* [Directions for this task] The entire listing below is to be written out exactly, minus the pictures.

* [Available data]
• • • • •
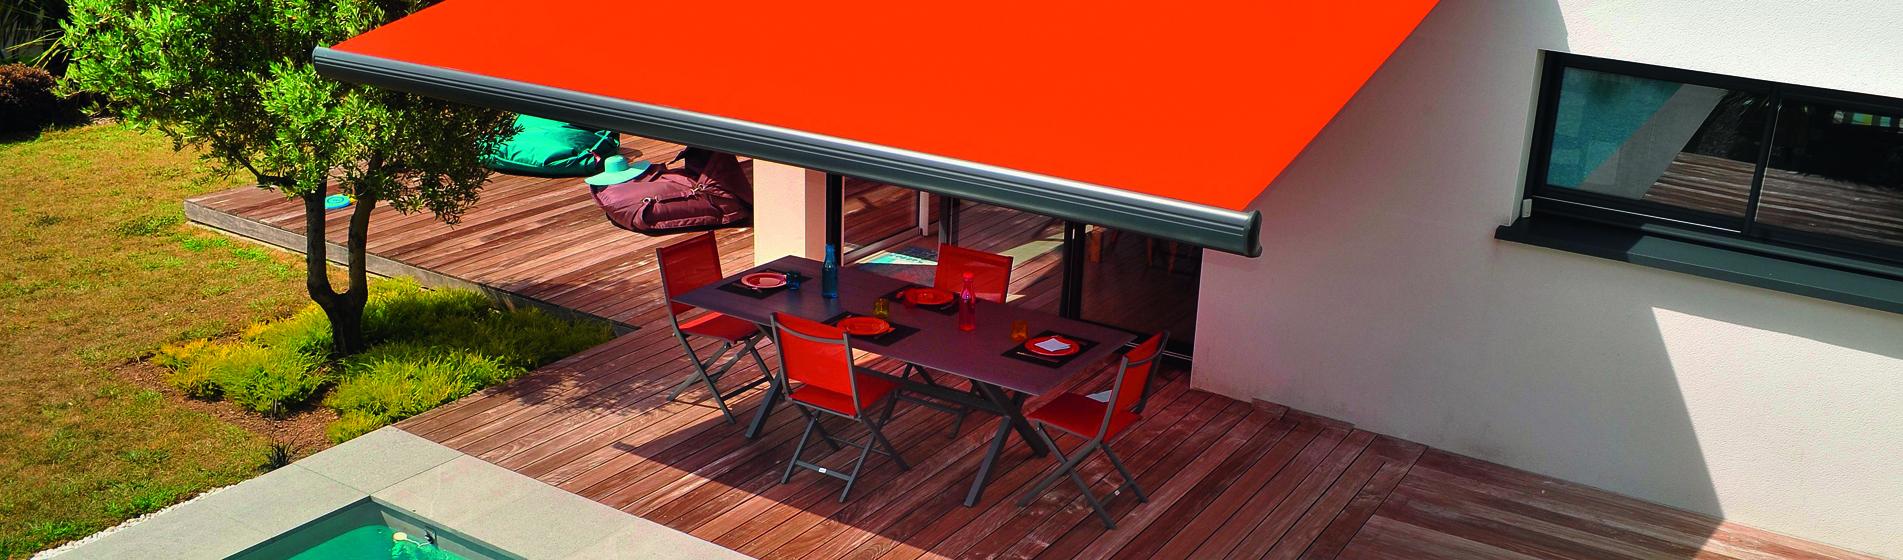 rénovation store banne terrasse 30 Gard
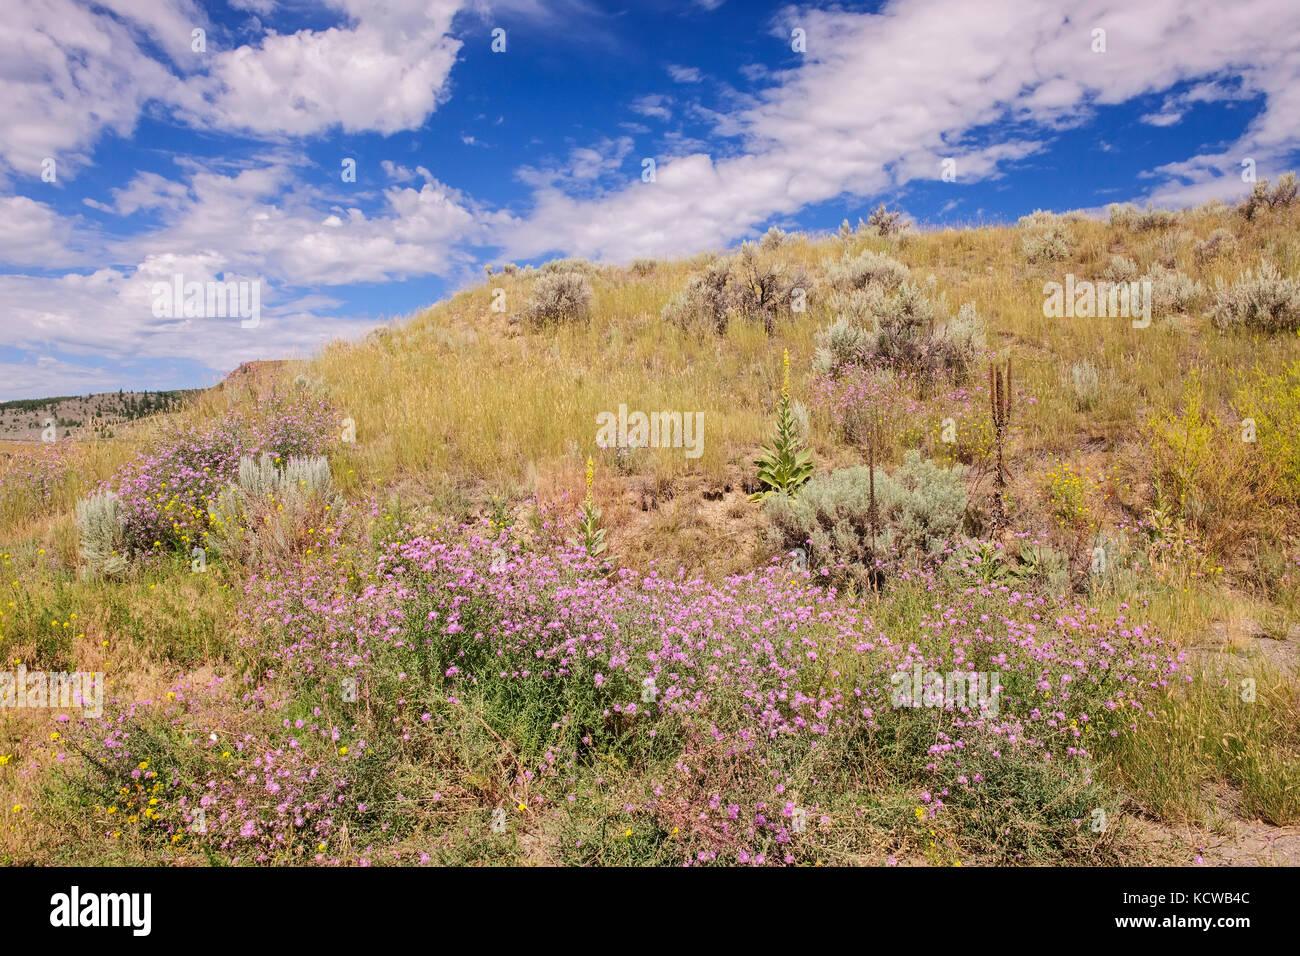 Grasslands ecosystem, Kamloops, British Columbia, Canada - Stock Image
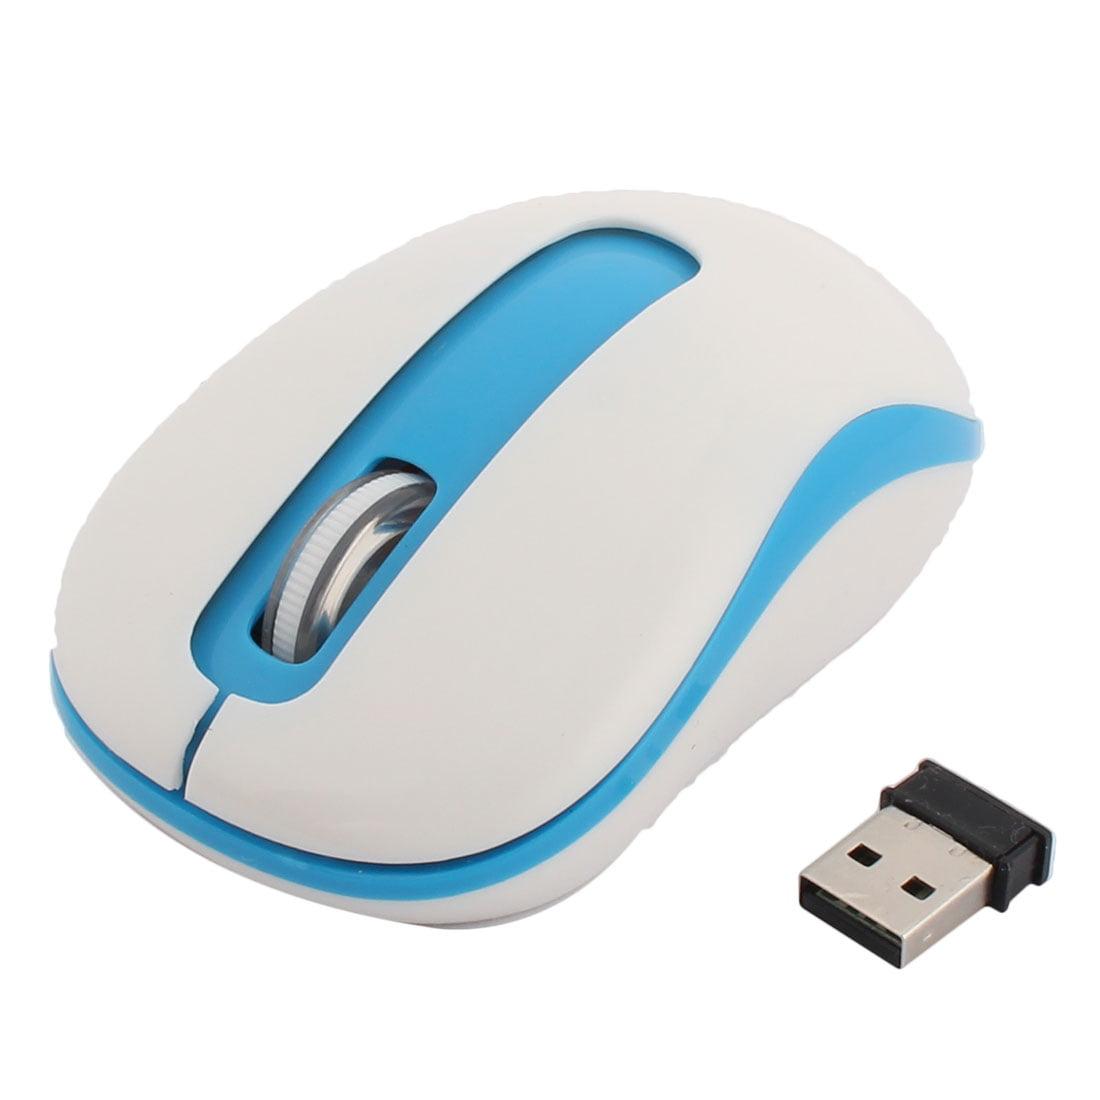 Unique Bargains Computer Wireless Portable USB Receiver Mobile Optical Mouse White Blue
• • • • •
* [Answer space]
 rénovation store banne terrasse 30 Gard
 Grasslands ecosystem, Kamloops, British Columbia, Canada - Stock Image
 Unique Bargains Computer Wireless Portable USB Receiver Mobile Optical Mouse White Blue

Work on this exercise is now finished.